Sandrine Vialle, « L’offre crée sa propre demande »

Les discours dominants sont apparemment puissants. Peuvent t-il envahir, abuser, contaminer, la communauté psychanalytique ou certains psychanalyste ?

Je ne vois, pour ma part, aucun suicide de masse, aucune vague de suicide, mais une personne qui s’est suicidée, puis une personne qui s’est suicidée, puis une personne qui s’est suicidée, puis…. Est ce que le suicide de ces collaborateurs démontre une position particulière du sujet face à l’entreprise ? Est ce que cela vient interpréter un discours managérial ? Difficile à dire. Pour pouvoir en dire quelque chose, il faudrait appréhender au cas par cas, et donc s’en être approché. Alors, je préfère laisser les généralités interprétatives aux professionnels des TCC. Ils font cela très bien. Aucune rivalité possible. Ces spécialistes de l’interprétation collective et des statistiques, « se sont fait la main » depuis longtemps dans les entreprises, sous la forme d’interventions, de conseils, de formations, d’observatoires, ils connaissent parfaitement leur objet et parlent une langue proche de celle des décideurs. Avec leur travail « sur la masse », ils occupent le terrain. Oui, ce sont des experts « S stress ». Pourquoi faudrait-il qu’il en soit autrement ? Leur posture est l’expertise, et leur objet le stress. Je veux bien leur reconnaître, moi aussi, sans aucune hésitation, ce titre-maître !
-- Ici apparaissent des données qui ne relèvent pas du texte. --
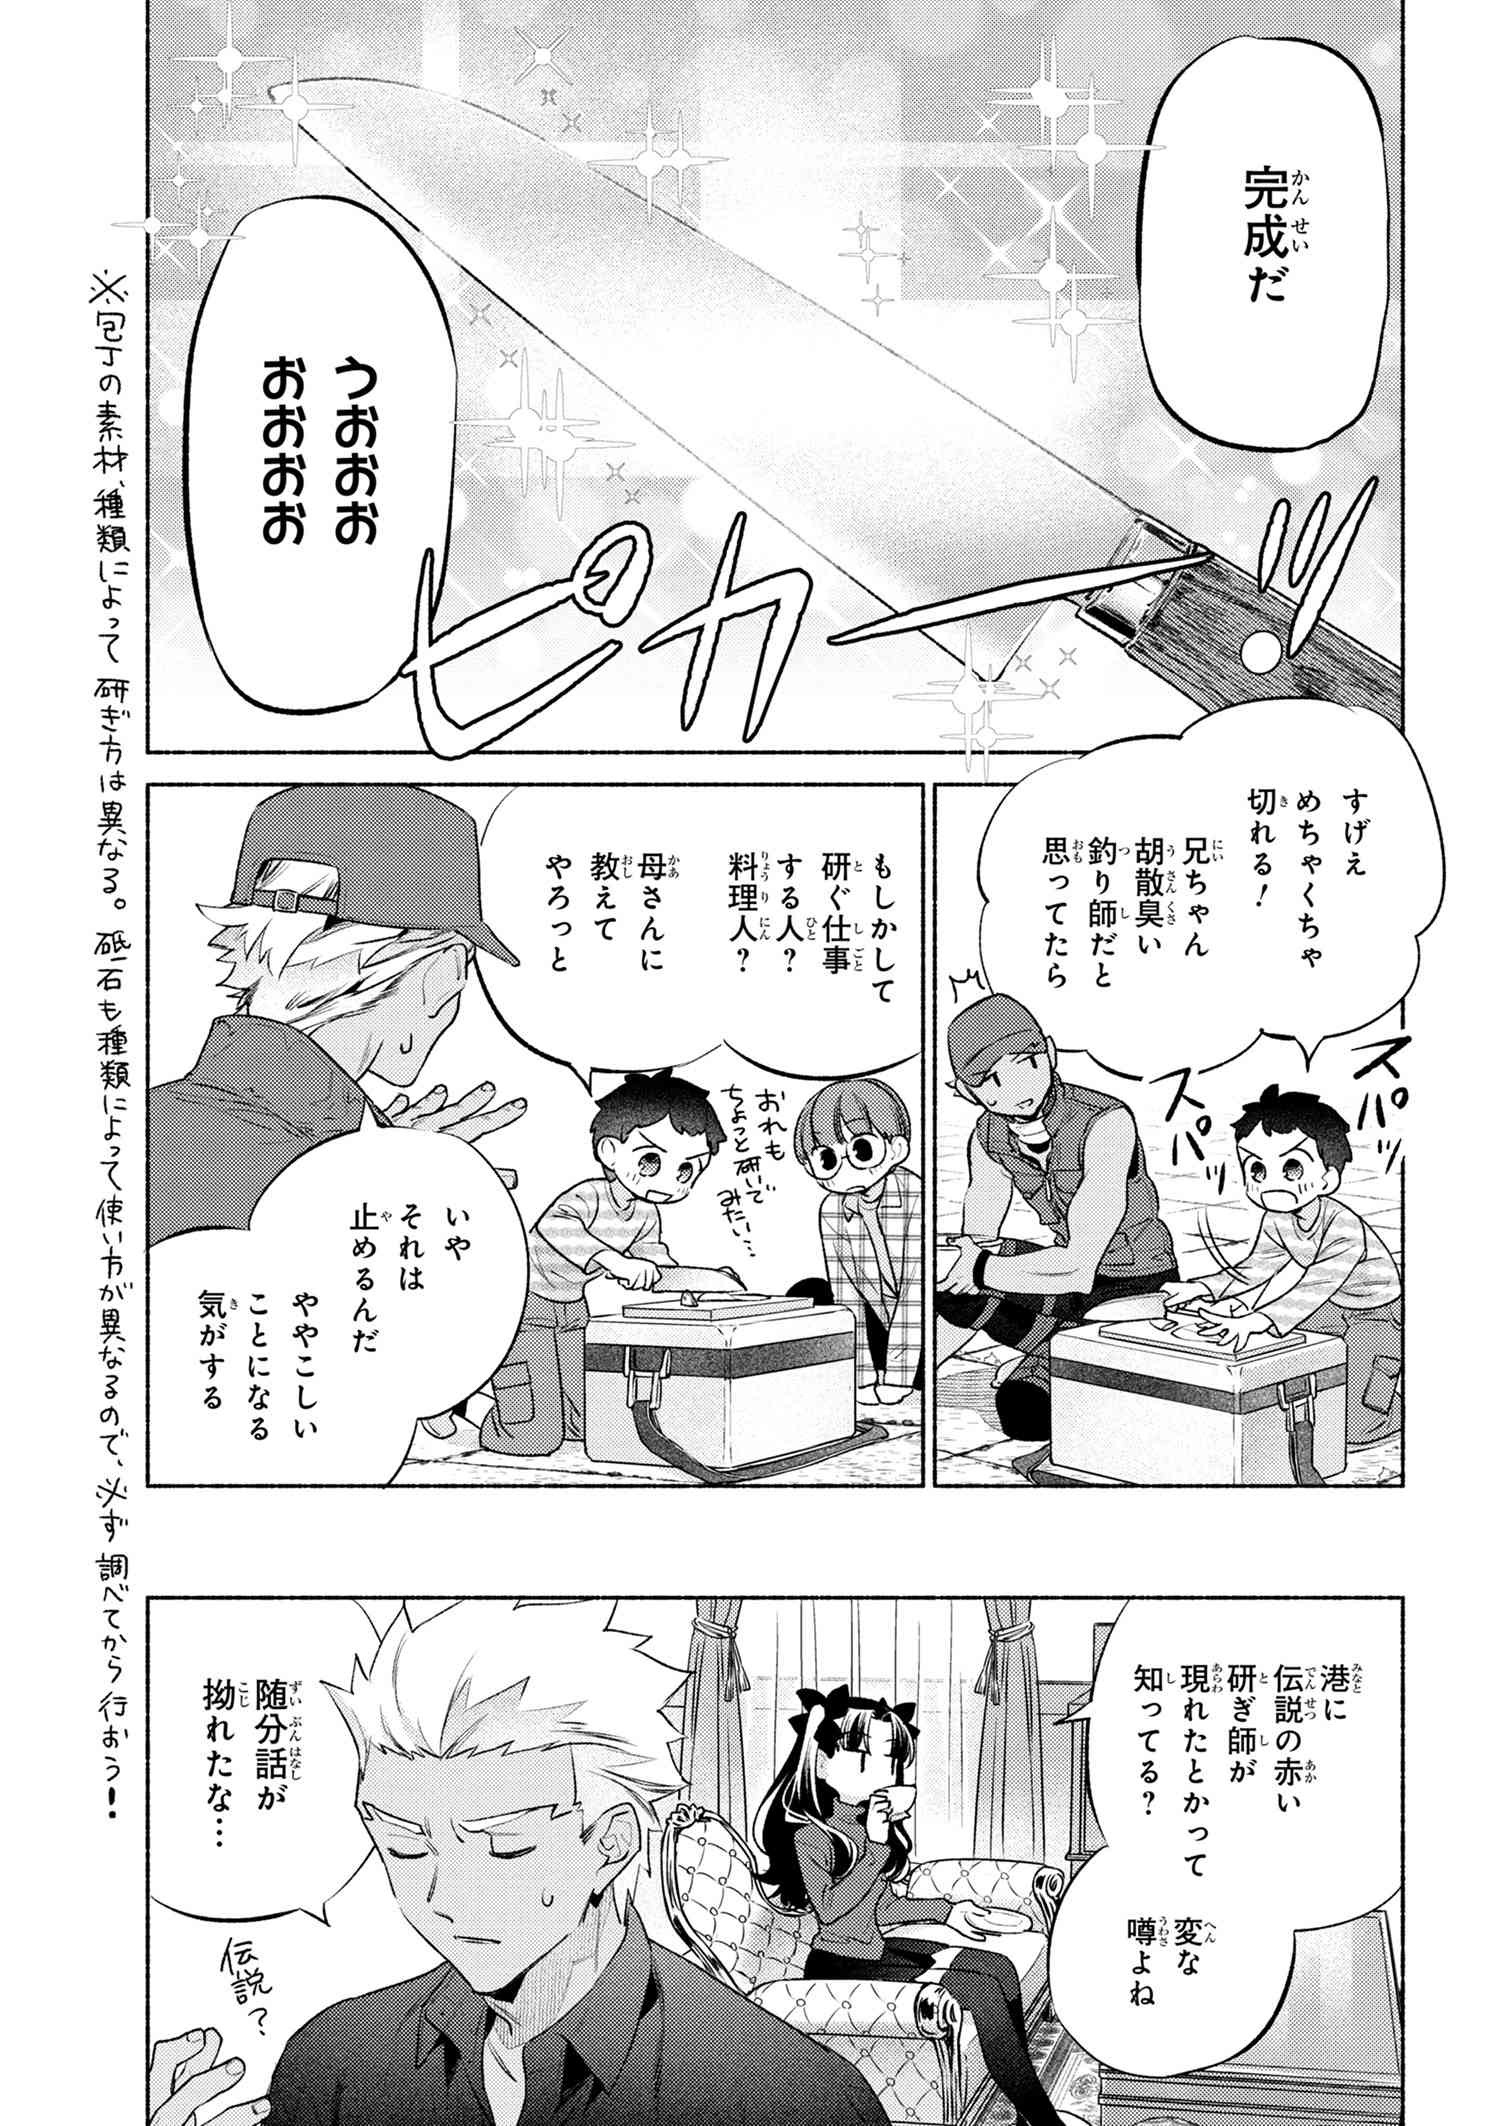 Emiya-san Chi no Kyou no Gohan - Chapter 55.6 - Page 13
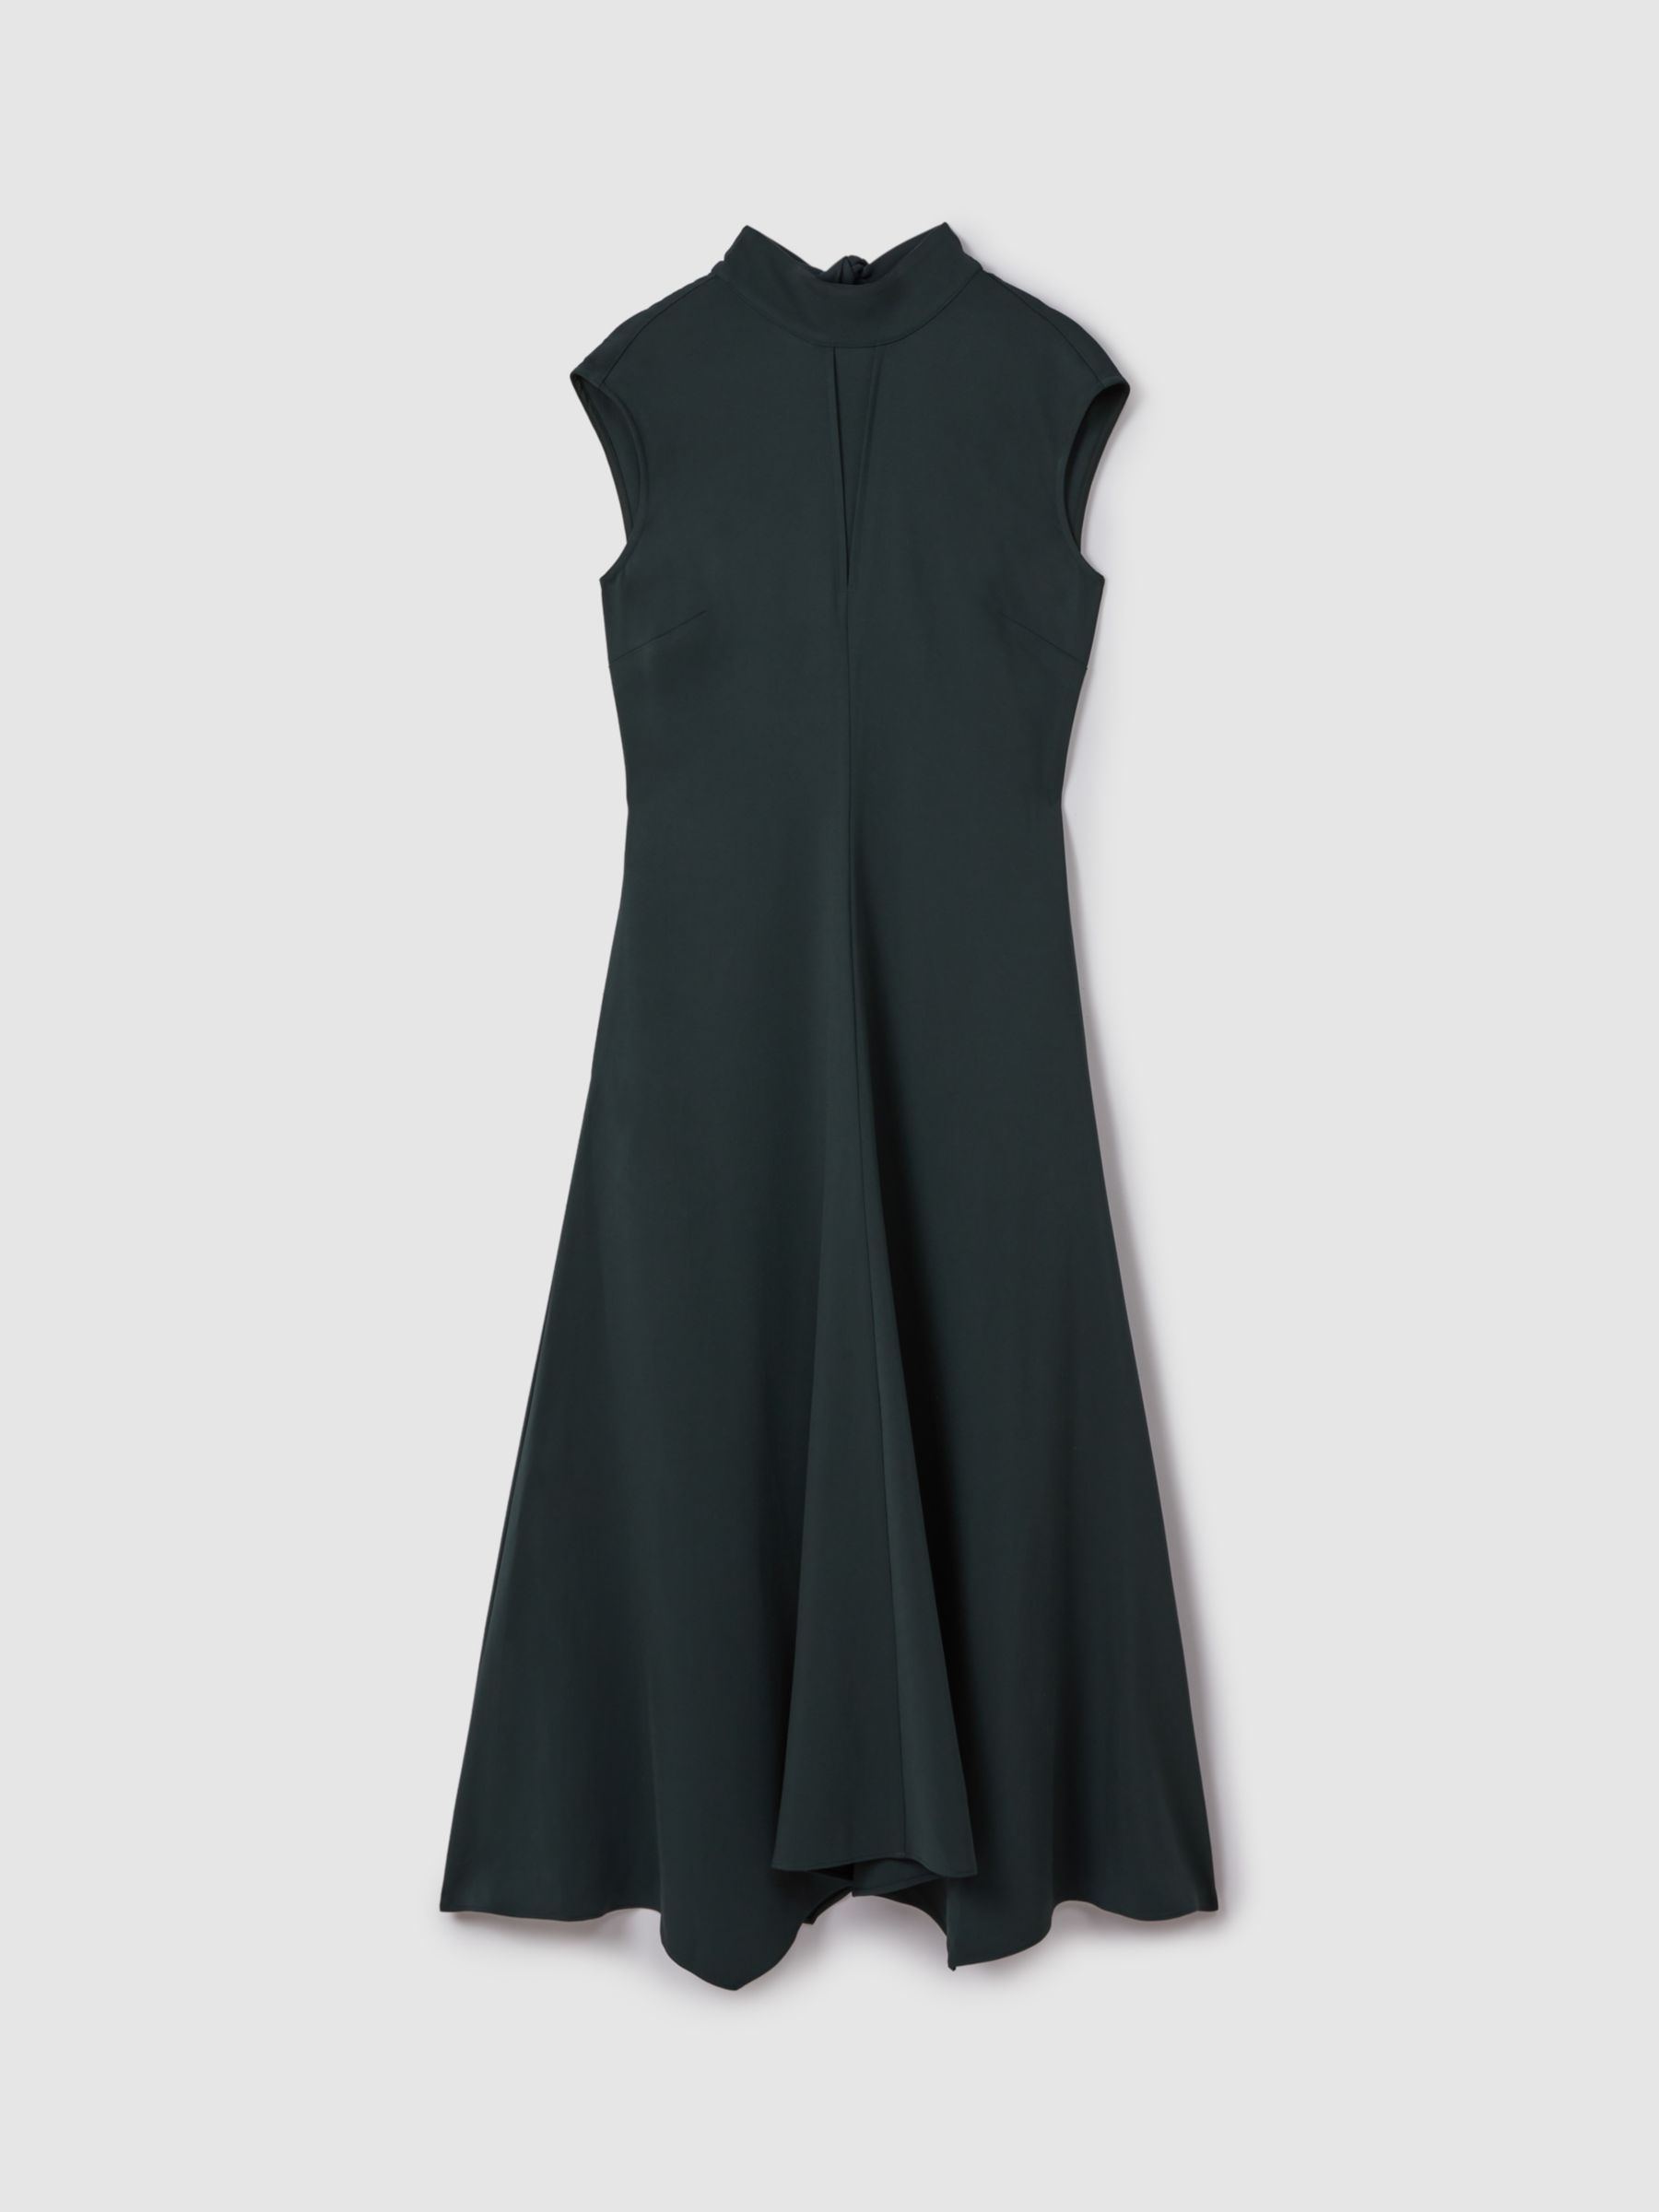 Reiss Petite Libby Occasion Midi Dress, Dark Green, 6

En même temps, les acteurs-décideurs de l’entreprise n’ont pas pléthore d’offres « pour faire avec » les dégâts qui les encombrent, émergeant de la rencontre entre l’homme et le travail et les impératifs de la logique actionnariale. Ils ont été sommés de faire le nécessaire. Ils ne peuvent donc plus ignorer le discours qui sort de leurs murs. Les professionnels des TCC offrent de l’intervention dans une logique d’efficacité redoutable : milliers de questionnaires interprétés par une application informatique dans un temps record, intervenants dédiés à l’écoute des salariés, numéros verts, puissance de déploiement vertigineuse, et puis, ils ont un talent certain pour apaiser les syndicats, conseiller la communication interne et réduire la parole qui sort de l’entreprise en direction des médias.

Quelle que soit l’entreprise, le résultat de ces interventions est identique : le management serait « responsable », preuves statistiques à l’appui de la souffrance des collaborateurs et des suicides.

Les managers seront donc formés, accompagnés, et bien sûr évalués, du manager intermédiaire au cadre dirigeant, au moyen du processus de l’entretien annuel d’appréciation par le N+1 et l’évaluation 360° ou 180° (évaluation par les N-1 et par les pairs de même niveau hiérarchique en relation fonctionnelle) et que sais-je encore.

Ces mêmes professionnels, ou d’autres, interviennent dans les entreprises depuis au moins deux décennies avec le panel étendue des TCC. De mémoire, il était facile dans les années 80 de se former, cela ne demandait à un consultant que de quelques jours à quelques mois pour devenir un spécialiste de la Programmation Neurolinguistique, de la gestion du stress version New Age, sans oublier différents techniques thérapeutiques dont la thérapie empathique de Rogers.

Y avait-il une autre offre ? Il a existé une certaine psychosociologie clinique qui avait une affinité avec la psychanalyse, mais elle a pratiquement disparu vers la fin les années 90.

Il y avait aussi ceux que l’on retrouve aujourd’hui proches des CHSCT et des syndicats, travaillant sur la sécurité au travail, spécialistes des procédures et de l’organisation. La réforme de 2004, qui transforme la médecine du travail en service de santé au travail et ses applications dans une dimension de pluridisciplinarité, a eu pour effet de faire rejoindre, ces différents cabinets de consultants, sous un même signifiant « prévention des risques psychosociaux ». Quant à la psychanalyse, « le sujet au travail » n’est pas son champ d’application privilégiée, cela aurait été iconoclaste, elle était donc quasi absente.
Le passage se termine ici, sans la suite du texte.